Изменить размер шрифта:

Дочери Германика Юлия Друзилла (770—791) и Юлия Ли- вилла (771—796) жили открыто в кровосмесительной связи с братом своим Каем Калигулой, в чем, по всей вероятности, не безгрешна осталась и третья сестра, то есть Агриппина, мать императора Нерона. По крайней мере, Светоний, обвиняя Калигулу в сожительстве с сестрами не делает в пользу Агриппины выключающей оговорки. Впрочем, что касается Агриппины, то, даже помимо постыдного подозрения, брошенного на нее Светонием, она наполнила свою сравнительно недолгую жизнь (769—812) таким трагическим хаосом властолюбивых интриг, кровавых преступлений и расчетливого разврата, что наследственность от нее не могла сулить сыну ее Нерону ничего доброго.

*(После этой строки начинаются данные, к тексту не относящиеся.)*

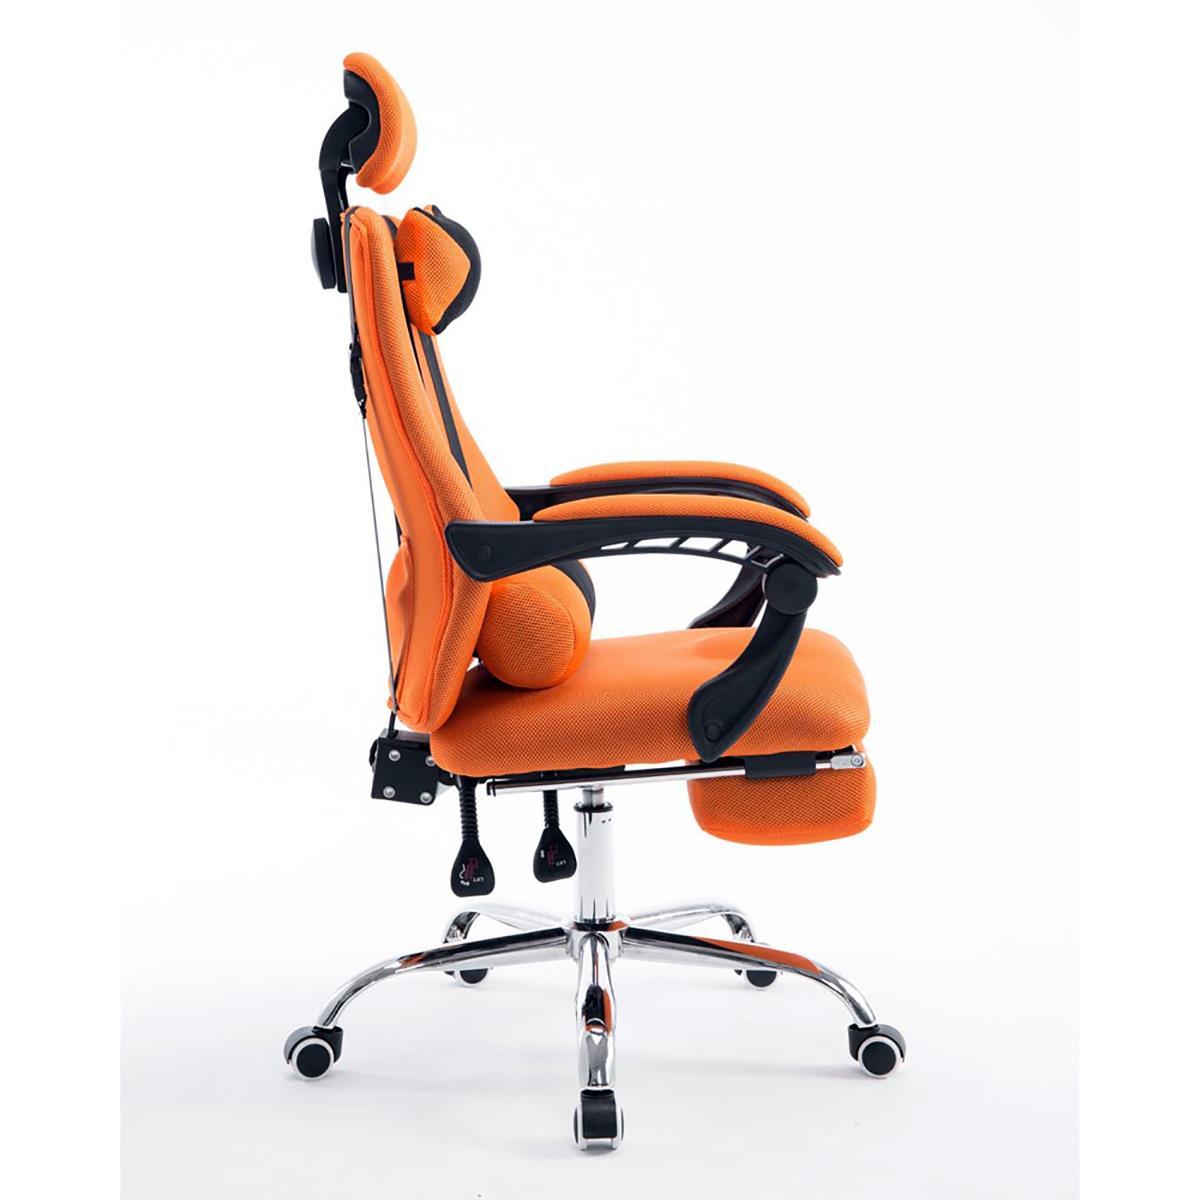 Silla de oficina antares reclinable en varias posiciones - Reposapies oficina carrefour ...

В заключение не лишним будет указать, что, уже в самом поколении императора Нерона и после его рождения, зловещий список его порочной родни увеличился еще двумя именами — эпилептика Британика (794—808) и меланхолички Октавии (795—815), — детей, в ту пору уже бесспорно слабоумного, пьяницы Клавдия и пресловутой Валерии Мессалины (ум. 801), безудержной нимфоманки, имя которой, обратясь в исторический синоним бесстыжей развратницы, стяжало незавидную вечную память.

В числе переименованных выше лиц, как мужчин, так и женщин, не насчитать и десяти умерших, несомненно, естественной смертью. Жизнь остальных прекратили кинжал, яд, веревка, голодная и холодная тюрьма, тяжелая ссылка, вынужденные и добровольные самоубийства. Всего же фамилия Цезарей, от Кая Юлия Цезаря Диктатора (ум. 719) до конечного пресечения рода в лице маленькой Клавдии Августы, дочери Нерона (ум. 816), имела в родстве и ближайшем свойстве сто девять членов. Насильственная смерть постигла из них тридцать девять — более одной трети.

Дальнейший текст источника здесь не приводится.